Public procedure FreeResources(Resources: TSceneFreeResources); virtual;

Frees some scene resources, to conserve memory. See TSceneFreeResources documentation.

Public procedure UnregisterScene(Node: TX3DNode);

Recursively unset node's TX3DNode.Scene. Useful if you want to remove part of a node graph and put it in some other scene.

You almost never need to call this method — this is done automatically for you when TCastleSceneCore is destroyed. However, if you process RootNode graph and extract some node from it (that is, delete node from our RootNode graph, but instead of freeing it you insert it into some other VRML/X3D graph) you must call it to manually "untie" this node (and all it's children) from this TCastleSceneCore instance.

Public function Press(const Event: TInputPressRelease): boolean; override;
 
Public function Release(const Event: TInputPressRelease): boolean; override;
 
Public function PointingDeviceActivate(const Active: boolean; const Distance: Single): boolean; override;
 
Public function PointingDeviceMove(const Pick: TRayCollisionNode; const Distance: Single): boolean; override;

Called when pointing device moves. This may generate the continously-generated events like hitPoint_changed, also it updates PointingDeviceOverItem and PointingDeviceOverPoint, thus producing isOver and such events.

To make pointing-device sensors work Ok, make sure you have non-nil OctreeCollisions (e.g. include ssDynamicCollisions in Spatial).

Public function PointingDeviceSensors: TPointingDeviceSensorList;

Pointing-device sensors over which the pointing device is. This is just a shortcut for PointingDeviceOverItemˆ.State.PointingDeviceSensors, returning Nil if PointingDeviceOverItem = Nil.

Public procedure PointingDeviceClear;

Clear any references to OverItem passed previously to PointingDeviceMove. This is sometimes useful, because PointingDeviceMove may save the last passed OverItem, and PointingDeviceActivate may even save some sensors for a longer time.

You could free it by calling PointingDeviceMove with Collision = Nil, but this could cause other X3D events, so it's undesirable to call this when you're going to e.g. release the scene or it's octree. Also, you would have to deactivate sensor first, causing even more events.

So this method clears any references to saved OverItem and PointingDeviceActiveSensors, without calling any VRML/X3D events.

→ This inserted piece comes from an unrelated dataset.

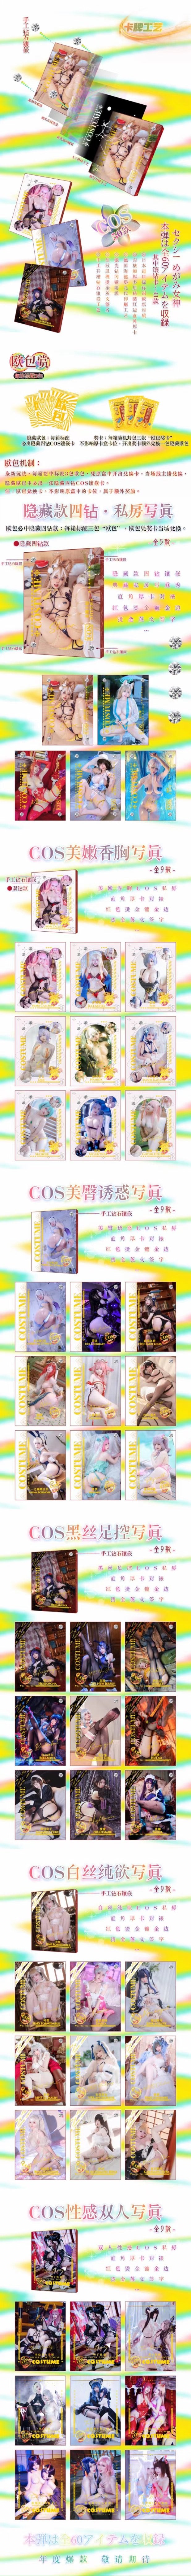 🔥 Costumer 4 Sealed Blind Box Goddess Story Anime 🔥
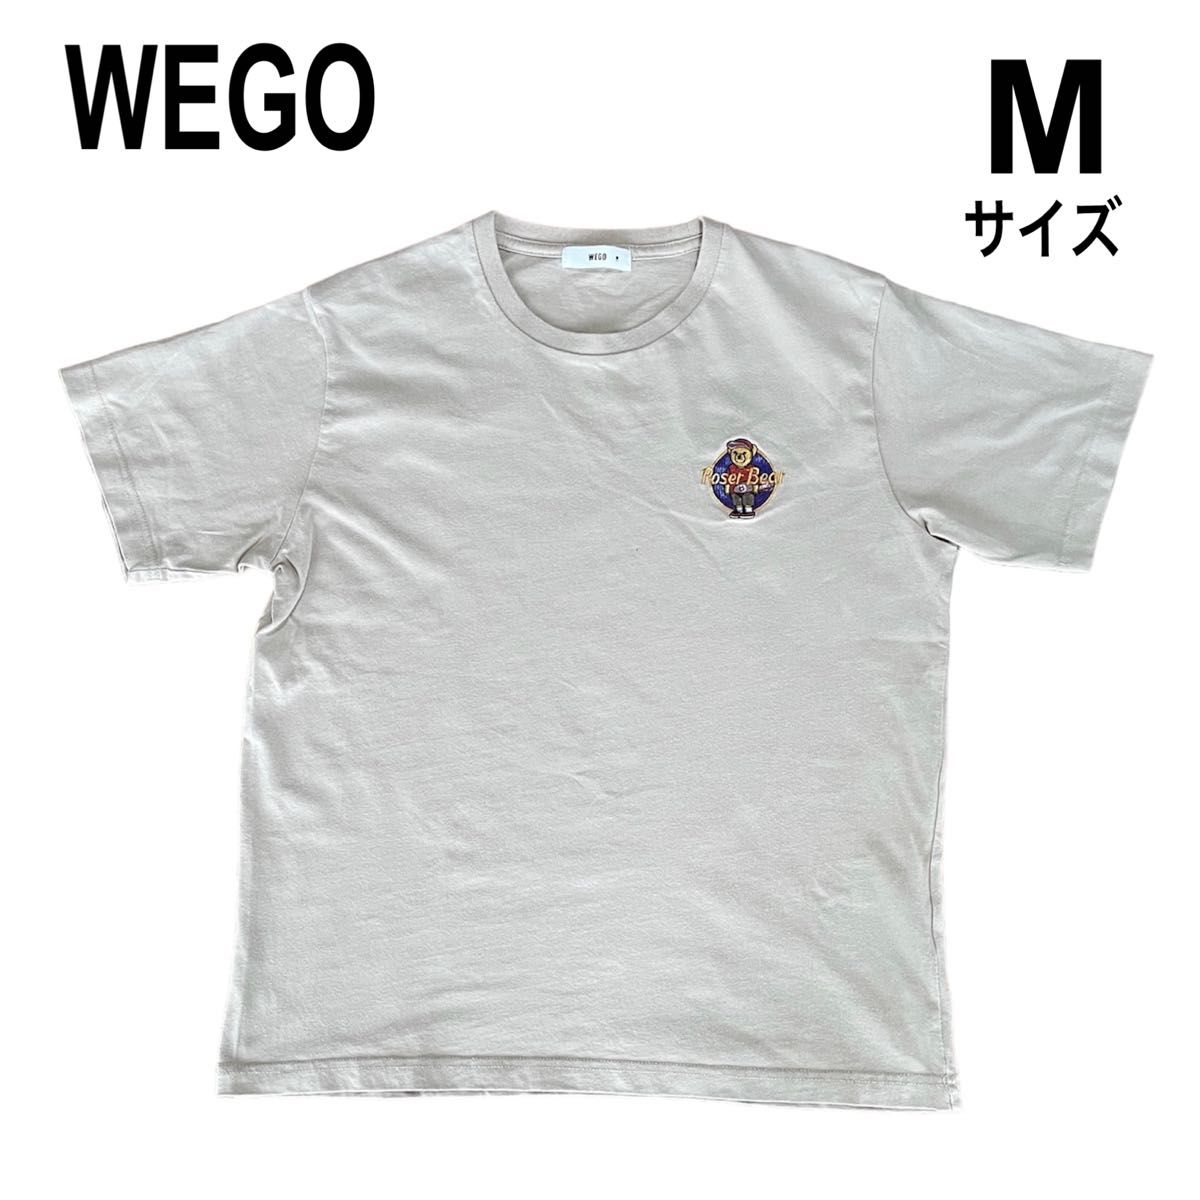 【WEGO】メンズ 男の子 Tシャツ ハーフパンツ ショートパンツ 2枚セット Mサイズ

Note that this still calls DoPointingDeviceSensorsChange (making OnPointingDeviceSensorsChange event), if PointingDeviceActiveSensors / PointingDeviceSensors possibly changed.

Public procedure Update(const SecondsPassed: Single; var RemoveMe: TRemoveType); override;
 
Public procedure SetTime(const NewValue: TFloatTime);

Change current scene time, setting Time. It is crucial that you call this continously to have some VRML/X3D time-dependent features working, like TimeSensor and MovieTexture. See Time for details what is affected by this.

This is automatically taken care of if you added this scene to TCastleWindowCustom.Controls or TCastleControlCustom.Controls. Then our Update takes care of doing the job, according to TimePlaying and TimePlayingSpeed.

This causes time to be passed to appropriate time-dependent nodes, events will be called etc.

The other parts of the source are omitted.